Scored across six dimensions (higher is riskier)

Data governance
5/5
Jurisdiction
5/5
Compliance
4/5
Incidents
4/5
Integration
2/5
Vendor trust
4/5

Key facts

Trains on input
Yes
Data residency
China
Integration scope
Broad
Underlying model
In-house
Access model
Self-serve
DPA available
No

Incidents

2025 · Public share links indexed by search engines
2025 · Regulator blocked the app over data transfers to China

Safer alternatives

Claude🇺🇸Pinned
ChatGPT Enterprise🇺🇸
Mistral Le Chat🇫🇷
Policy: Not allowed
ApprovedWith conditionsUnder reviewNot allowed
Each tool has a full risk breakdown, sourced incidents, and safer alternatives you can recommend to staff.

The risk breakdown

The tool is scored across several risk dimensions, each rated so you can see where the concern is:

  • Data governance: does it train on your data, and how is data retained?
  • Jurisdiction: where does the vendor sit, and can data be reached under foreign law?
  • Compliance: how does it line up with the EU AI Act and GDPR expectations?
  • Incidents: has it had public data or security incidents?
  • Integration: how deeply can it reach into other apps and accounts?
  • Vendor trust: how transparent is the ownership and the model?

Together these roll up into a risk band, from Low to Critical.

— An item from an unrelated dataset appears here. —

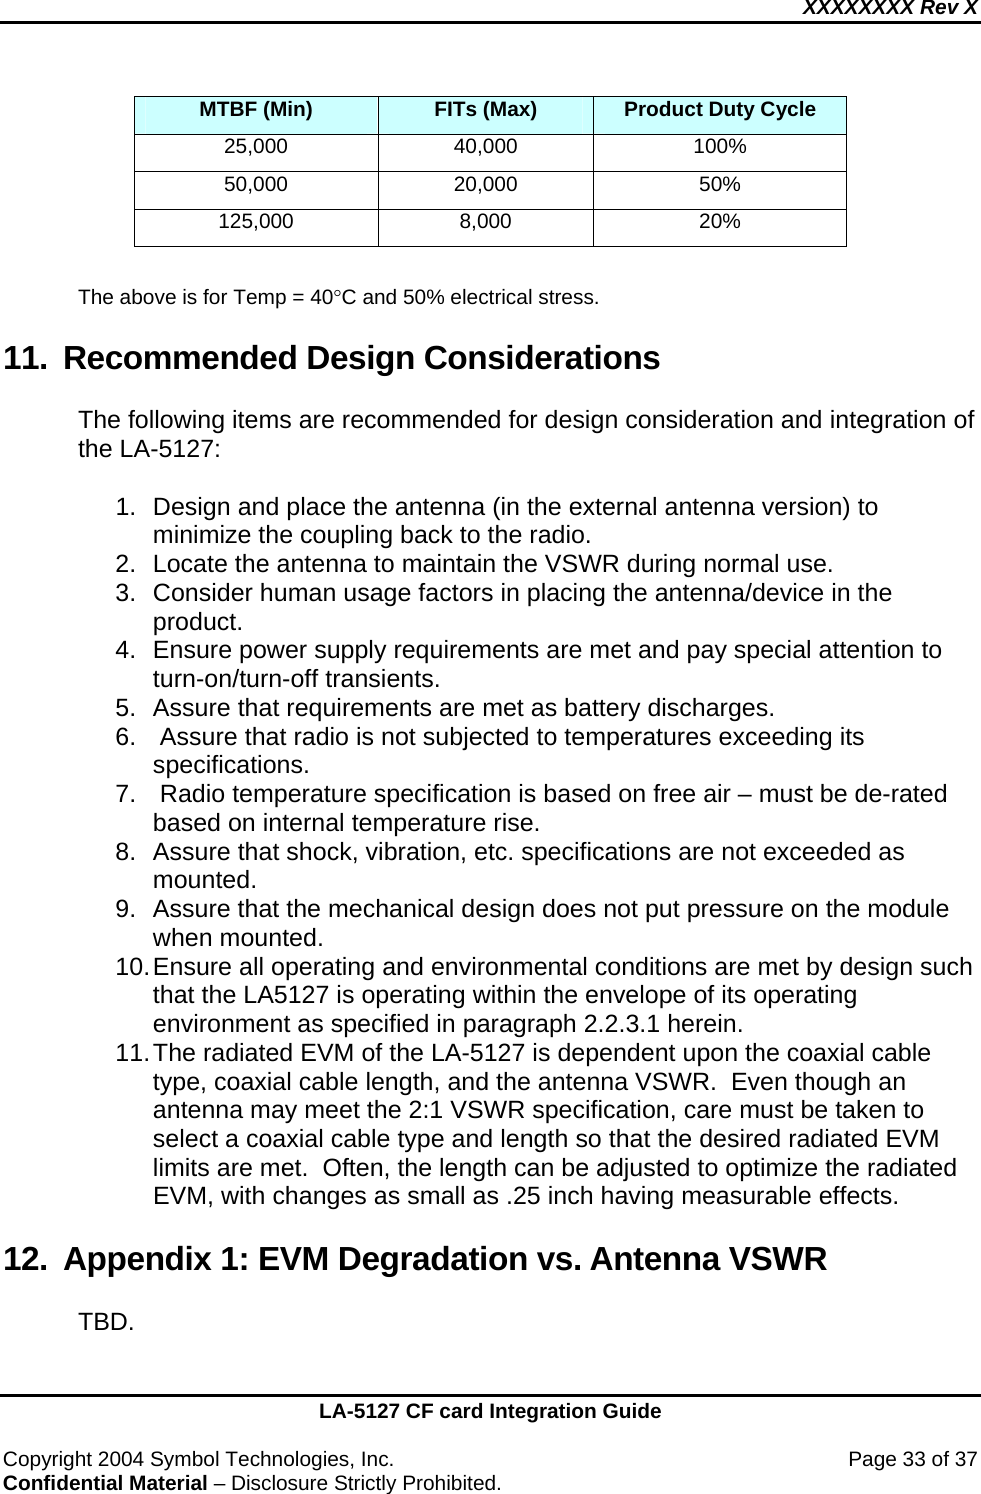 XXXXXXXX Rev X    LA-5127 CF card Integration Guide  Copyright 2004 Symbol Technologies, Inc.    Page 33 of 37 Confidential Material – Disclosure Strictly Prohibited. MTBF (Min)  FITs (Max)  Product Duty Cycle 25,000 40,000  100% 50,000 20,000  50% 125,000 8,000  20%  The above is for Temp = 40°C and 50% electrical stress. 11. Recommended Design Considerations The following items are recommended for design consideration and integration of the LA-5127:  1.  Design and place the antenna (in the external antenna version) to minimize the coupling back to the radio. 2.  Locate the antenna to maintain the VSWR during normal use. 3.  Consider human usage factors in placing the antenna/device in the product. 4.  Ensure power supply requirements are met and pay special attention to turn-on/turn-off transients. 5. Assure that requirements are met as battery discharges. 6.   Assure that radio is not subjected to temperatures exceeding its specifications. 7.   Radio temperature specification is based on free air – must be de-rated based on internal temperature rise. 8.  Assure that shock, vibration, etc. specifications are not exceeded as mounted. 9.  Assure that the mechanical design does not put pressure on the module when mounted. 10. Ensure all operating and environmental conditions are met by design such that the LA5127 is operating within the envelope of its operating environment as specified in paragraph 2.2.3.1 herein. 11. The radiated EVM of the LA-5127 is dependent upon the coaxial cable type, coaxial cable length, and the antenna VSWR.  Even though an antenna may meet the 2:1 VSWR specification, care must be taken to select a coaxial cable type and length so that the desired radiated EVM limits are met.  Often, the length can be adjusted to optimize the radiated EVM, with changes as small as .25 inch having measurable effects. 12.  Appendix 1: EVM Degradation vs. Antenna VSWR TBD.

The facts and the incidents

Alongside the score you get the key facts (trains on your data, vendor country, data residency, EU AI Act risk) and the sourced incidents behind it, so the assessment is not a black box. You can see why a tool is rated the way it is.

Safer alternatives to recommend

Every tool lists safer alternatives. You pin the one your organisation prefers, and it shows first, both here and in the overlay your employees see when they open a tool that is not allowed. This is how you steer people towards an approved option instead of simply blocking them.

Usage in your organisation

If the tool has activity, a usage tab shows how often and when it is used, so you can prioritise the tools that carry the most real exposure.

Guiding people, not blocking them

Policy is a nudge, not a wall. Open a tool that is Not allowed and the extension shows a non-blocking overlay with your pinned alternatives; the user can still hold to continue. Tools set to Under review show a calm notice to keep to public information. Approved tools never interrupt.

Tips

  • Start with the tools that have the most activity. That is where your data is most exposed.
  • Use Under review as a temporary state while you gather more information.
  • Revisit Not allowed tools periodically. A blocked tool may become compliant later, or a better alternative may appear.